1. To conclude that the average sales per salesperson have not increased when they really have.

2. To conclude that the average sales per salesperson have not increased when they really have not.

3. To conclude that the average sales per salesperson have increased when they really have.

4. To conclude that the average sales per salesperson have increased when they really have not.

5. There cannot be a Type I error in this situation.

h. Consider two experiments. First, from a population that is normally distributed with mean 10, we select one item and find its weight. Let D1 be the distribution of possible outcomes from experiment 1. Second, we take a sample of 5 items from the same population and calculate the average weight of the 5 items.

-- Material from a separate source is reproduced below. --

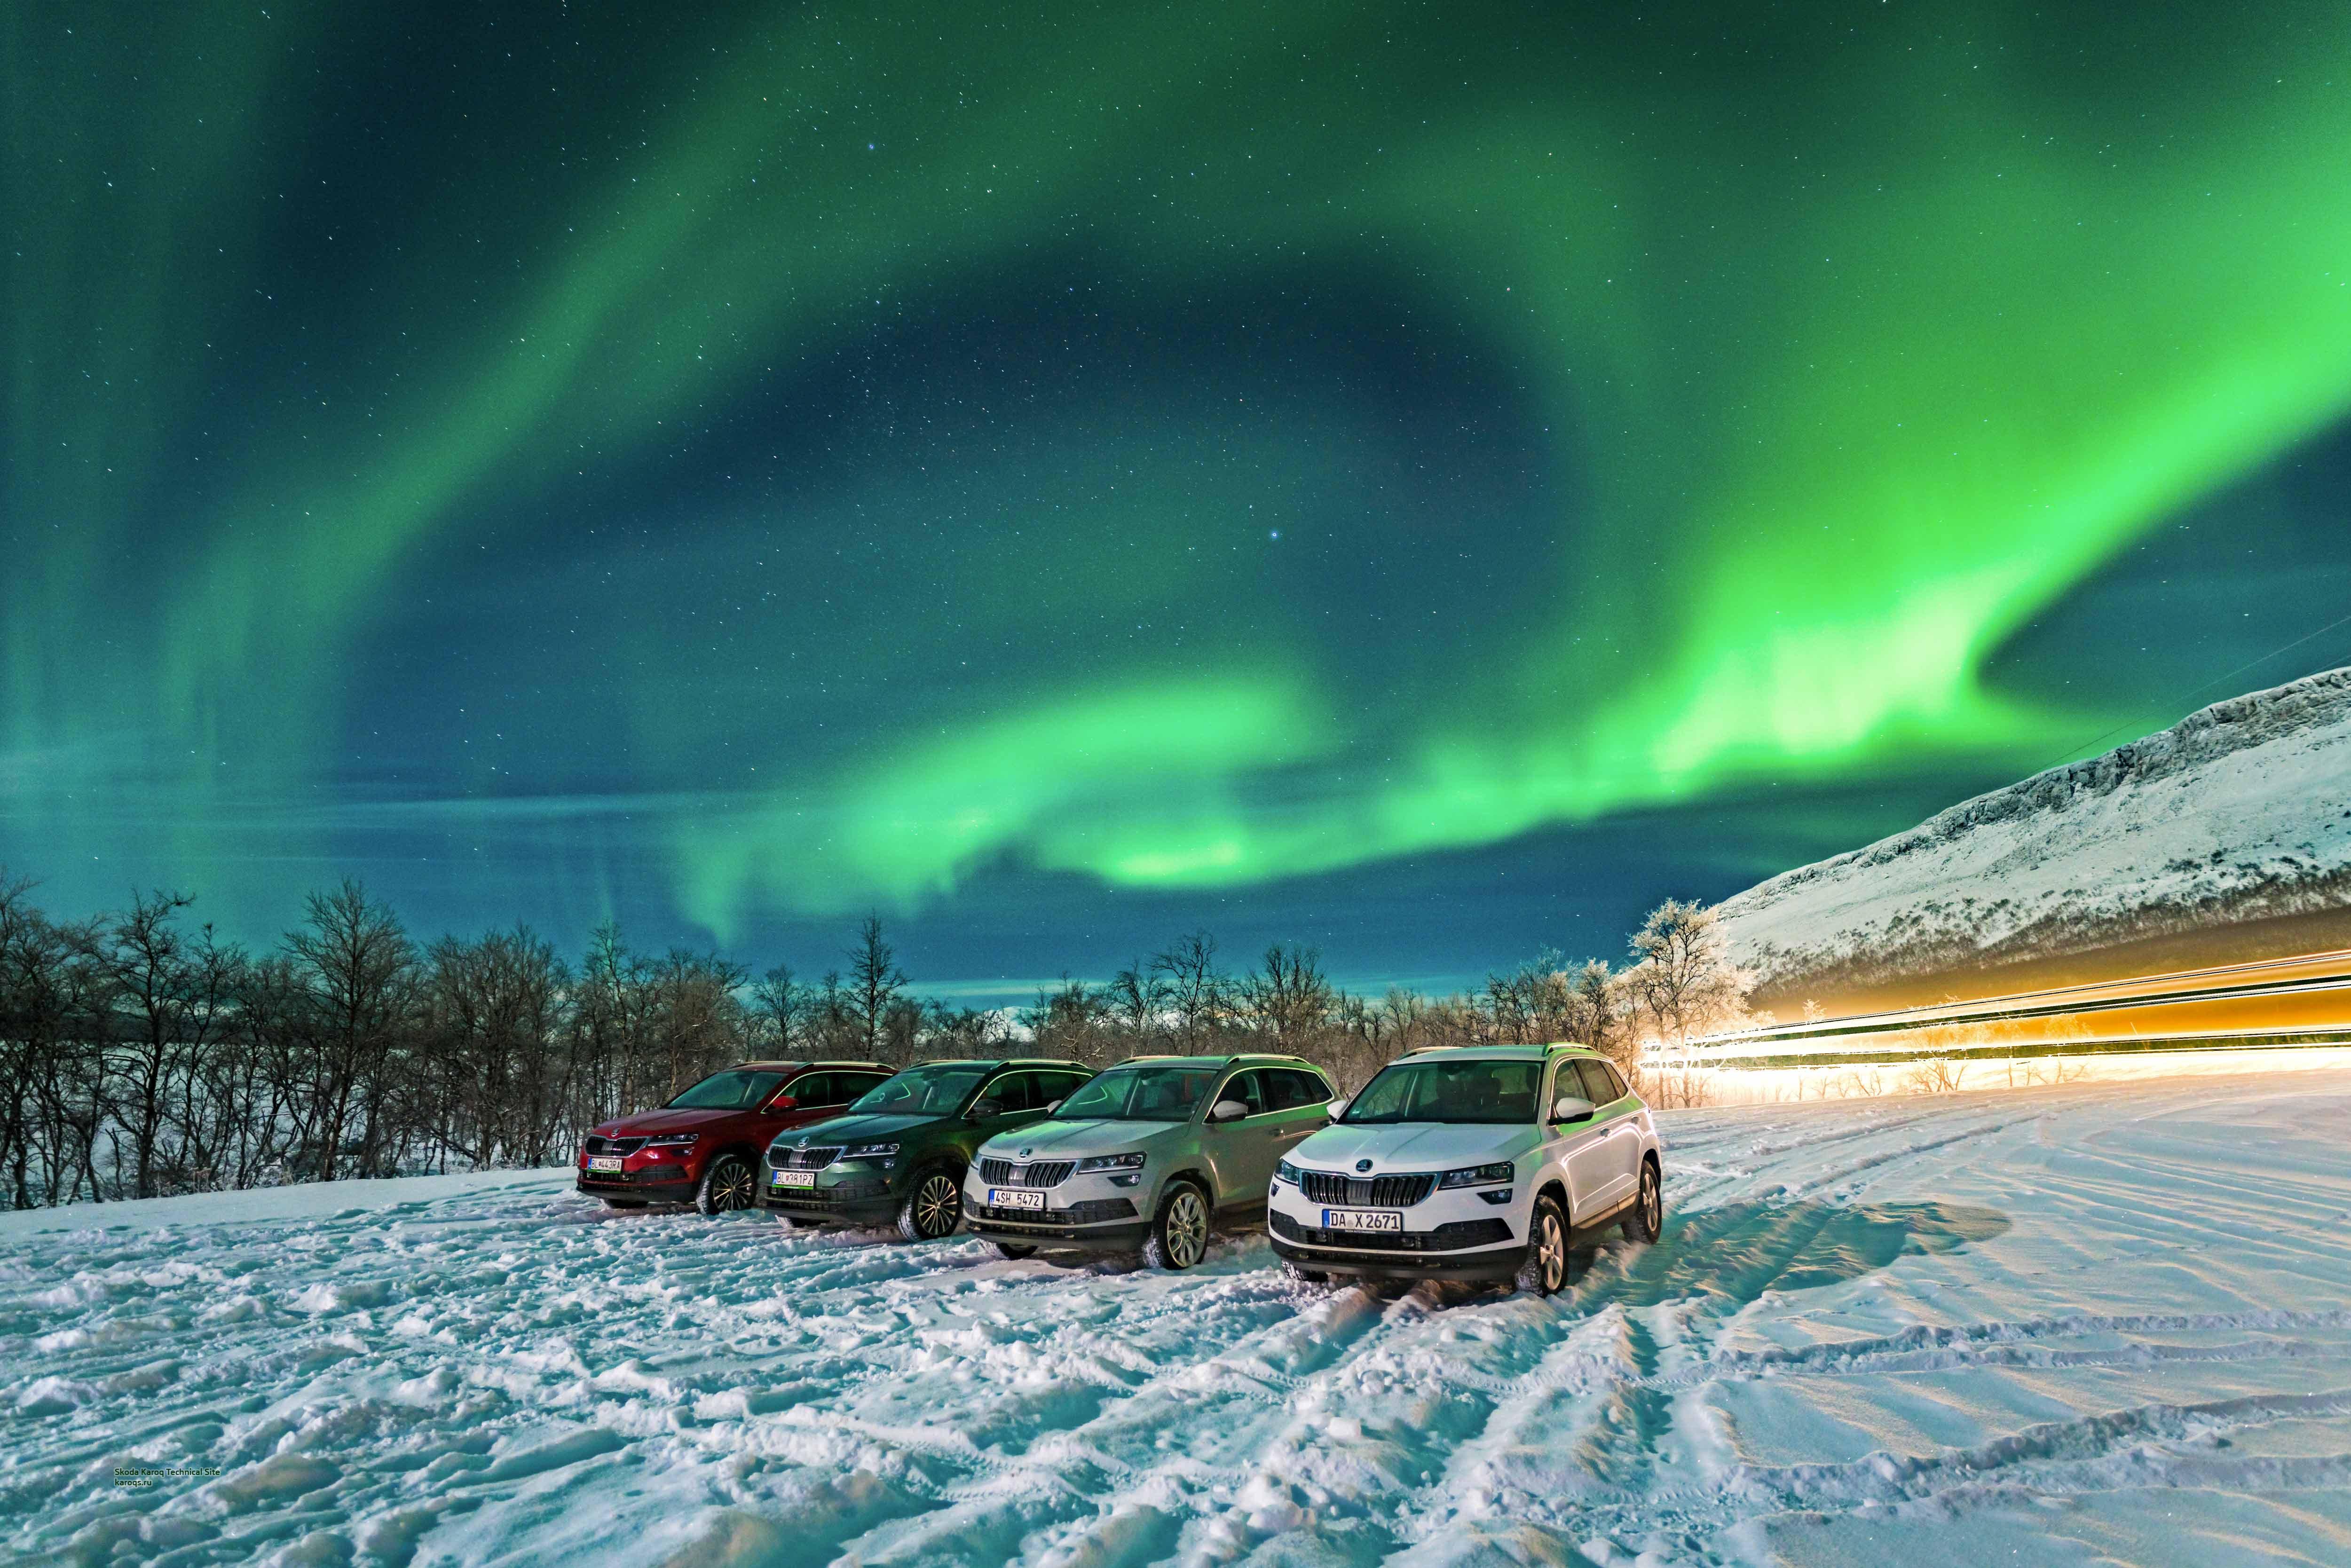 skoda-karoq_aurora-borealis.jpg

Let D2 be the distribution of possible outcomes (sample averages) resulting from experiment 2. Which of the following statements is true and which is not true? Use cells Q34:Q38 to make your selections.

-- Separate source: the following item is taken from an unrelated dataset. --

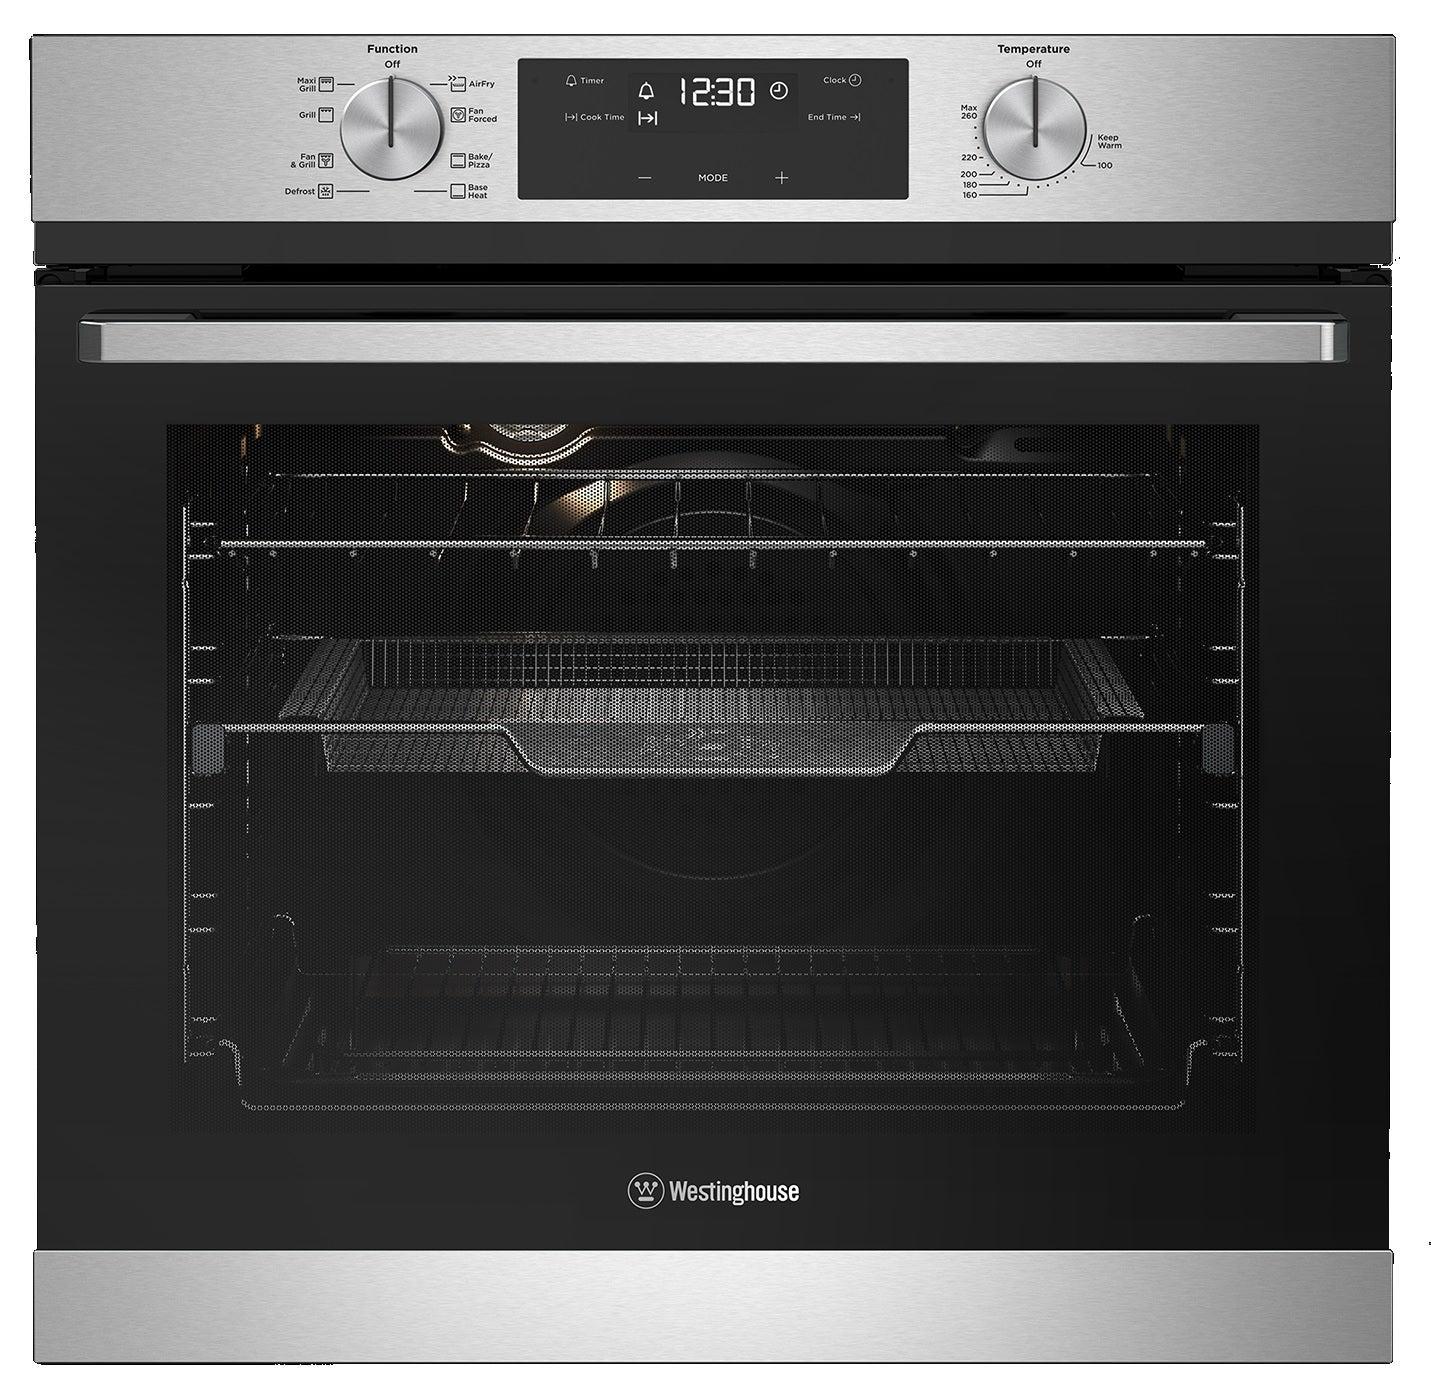 Westinghouse WVE616SC Oven

1. D1 and D2 have the same mean.

2. D1 and D2 are both normally distributed.

3. D1 is wider than D2

4. D1 is narrower than D2

5. D1 and D2 have the same spread (standard deviation)

i. Suppose that we have sampled n observations from a normal distribution and found a 99% confidence interval for a population mean. If the sample size decreases and the confidence level decreases from 99% to 95%, indicate whether the interval will definitely get wider, narrower, or will not be definite either way. Assume that the sample standard deviation remains constant with the new sample size. Use cell Q40.